**Task goal**
The expected answer is the full listing, repeated exactly and free of images.

**Given material**
________________
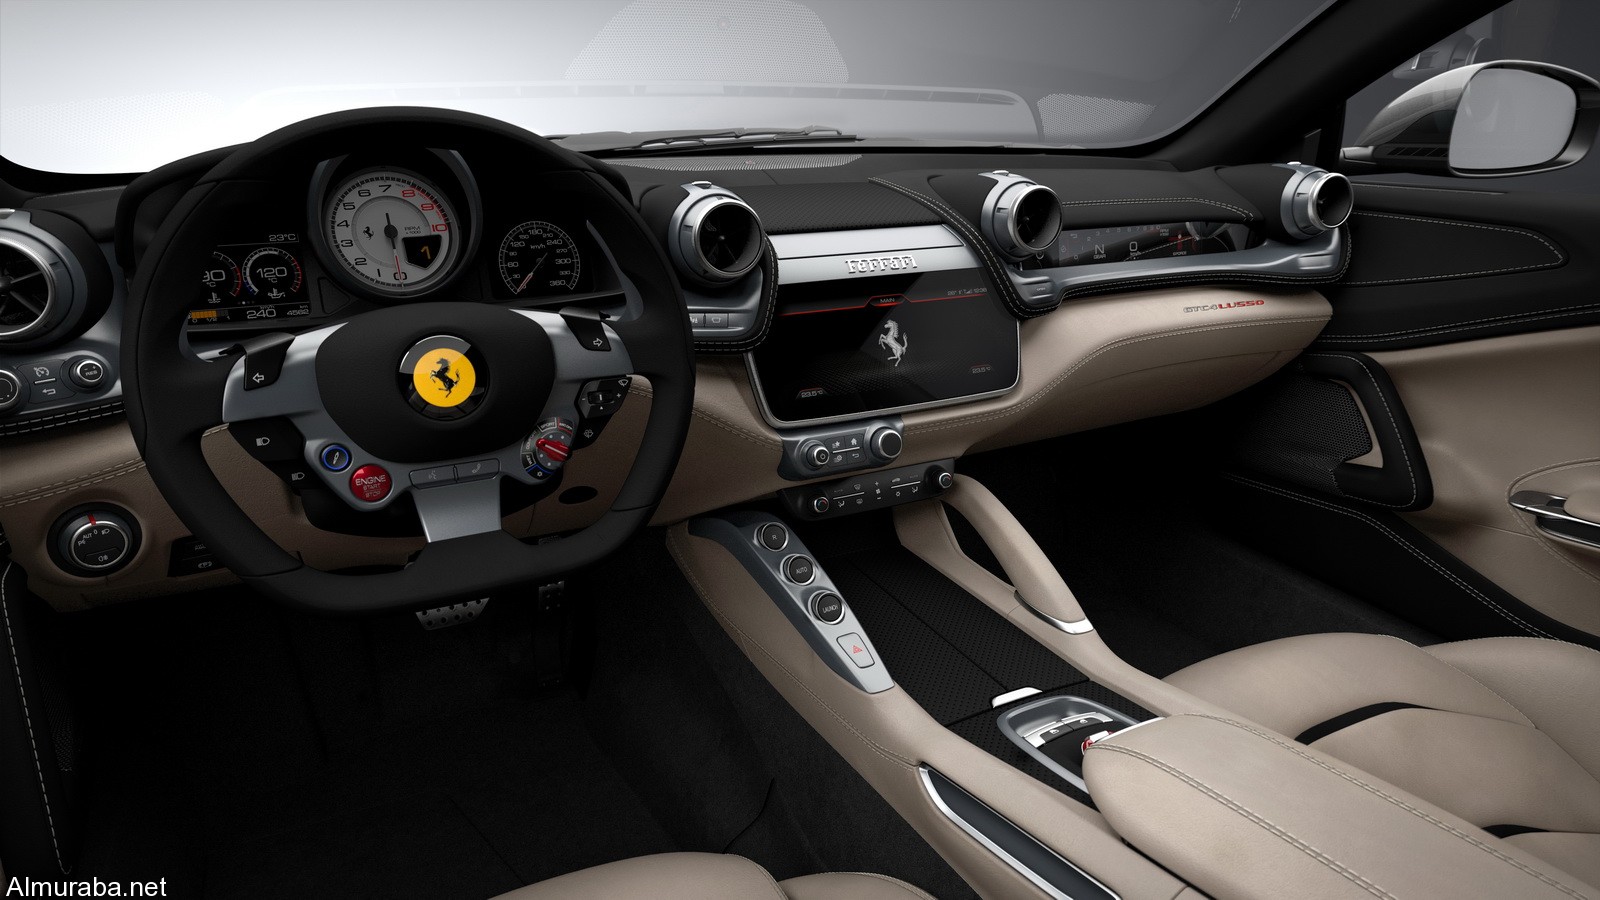 "بالصور" إطلاق فيراري جي تي سي فور GTC4 لوسو بإيطاليا Ferrari 2016 2
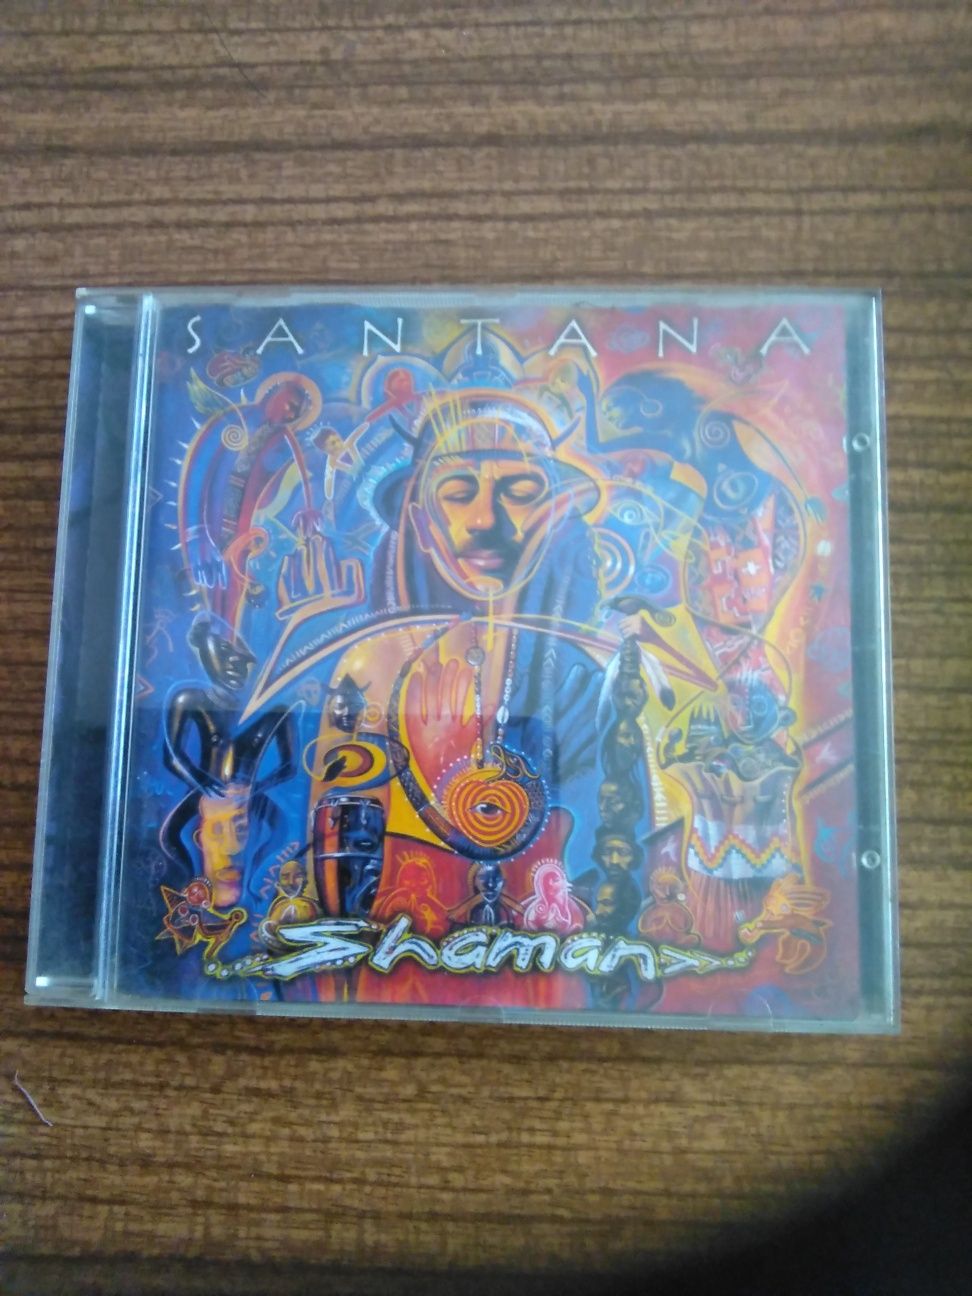 CD - Santana "Shaman"
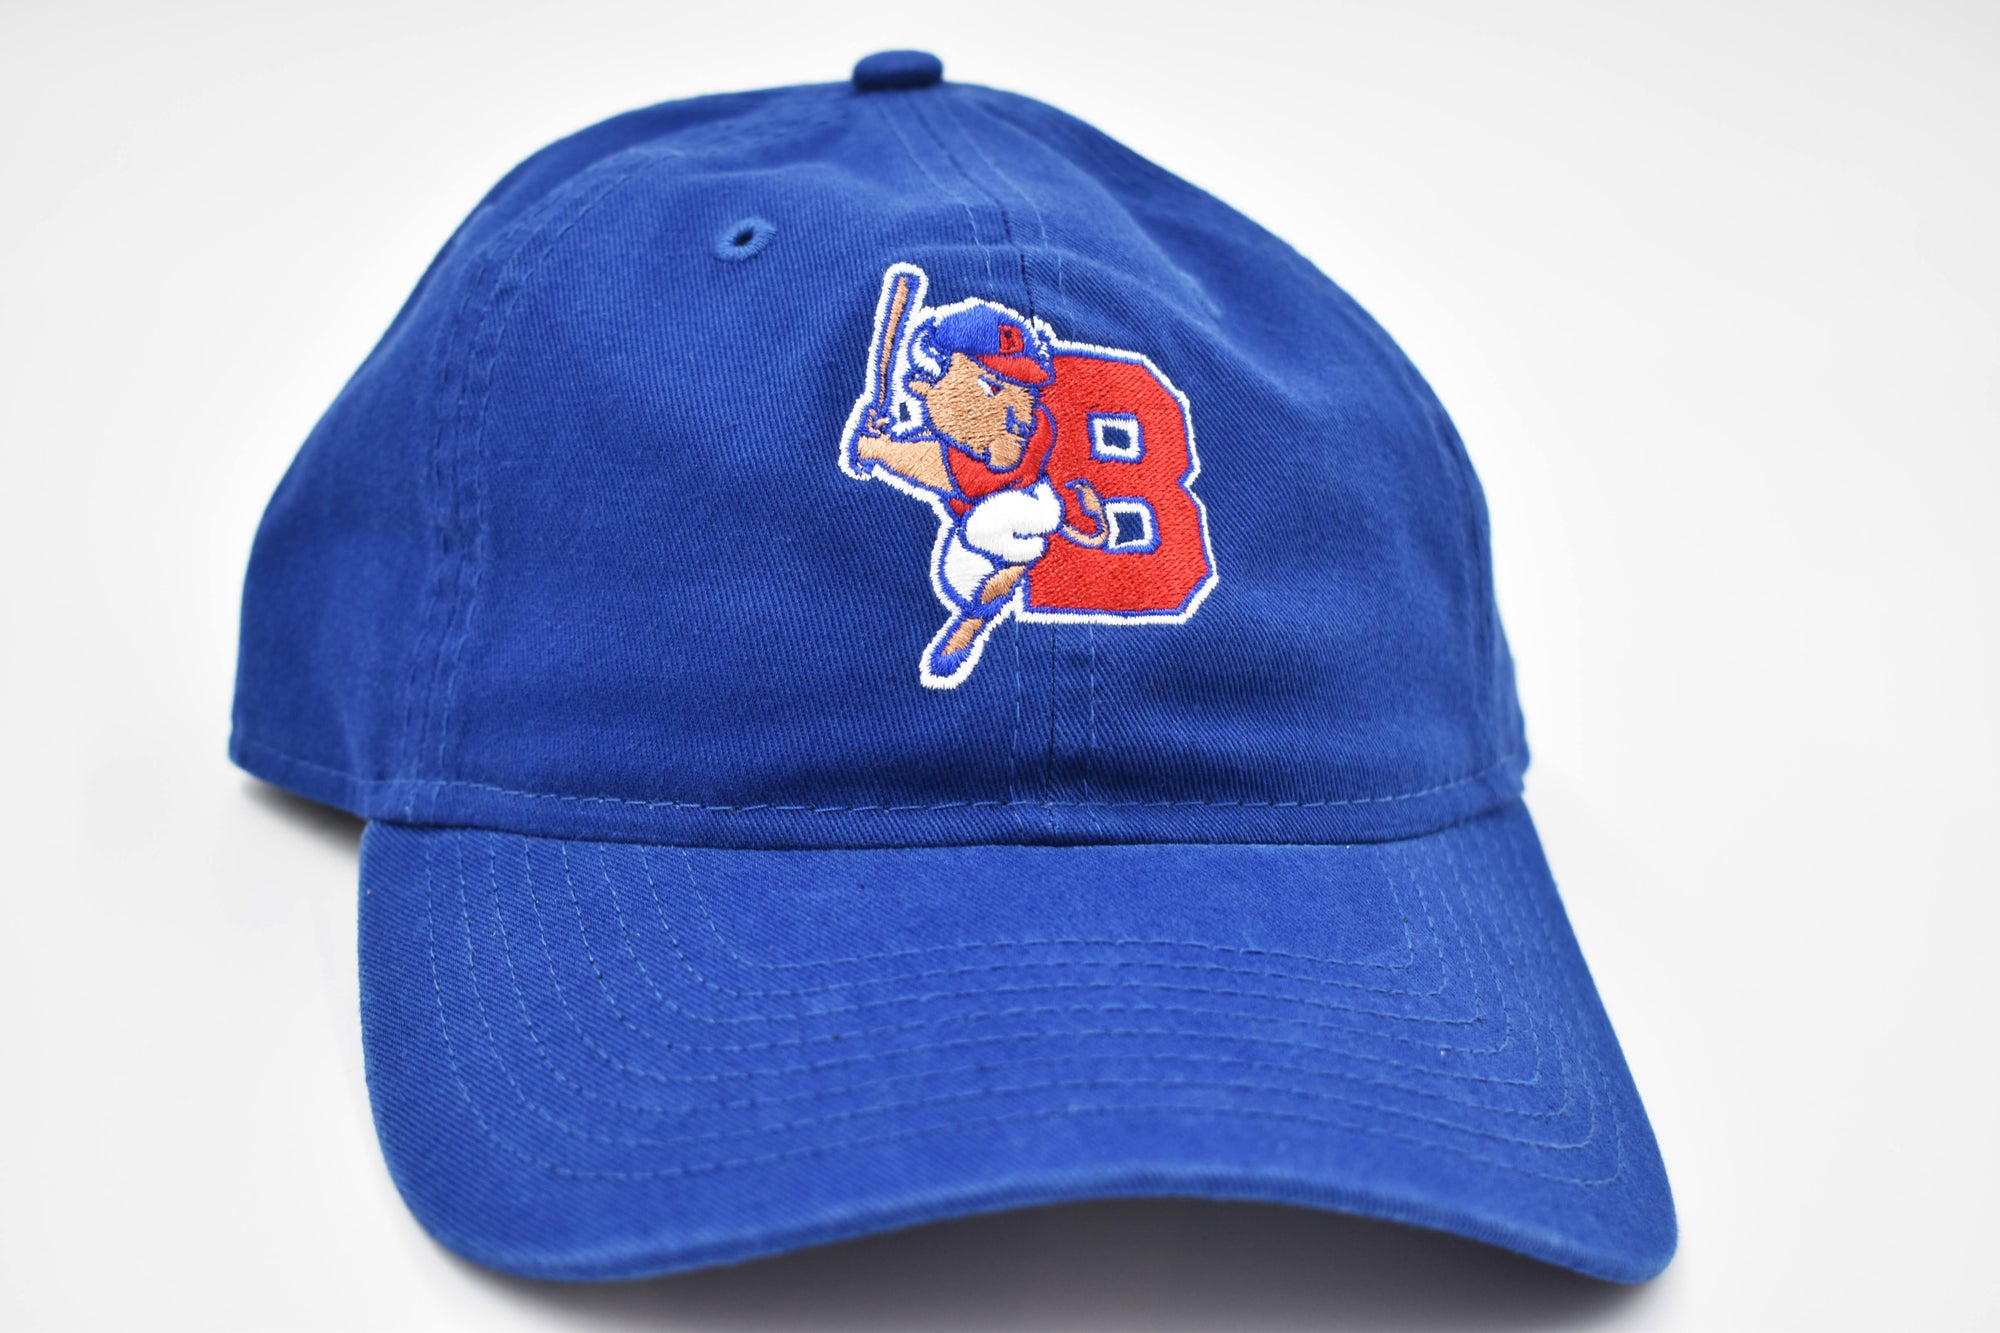 New Era Buffalo Bisons Royal Blue Adjustable Hat
________________
**Task output**
 "بالصور" إطلاق فيراري جي تي سي فور GTC4 لوسو بإيطاليا Ferrari 2016 2
 CD - Santana "Shaman"
 New Era Buffalo Bisons Royal Blue Adjustable Hat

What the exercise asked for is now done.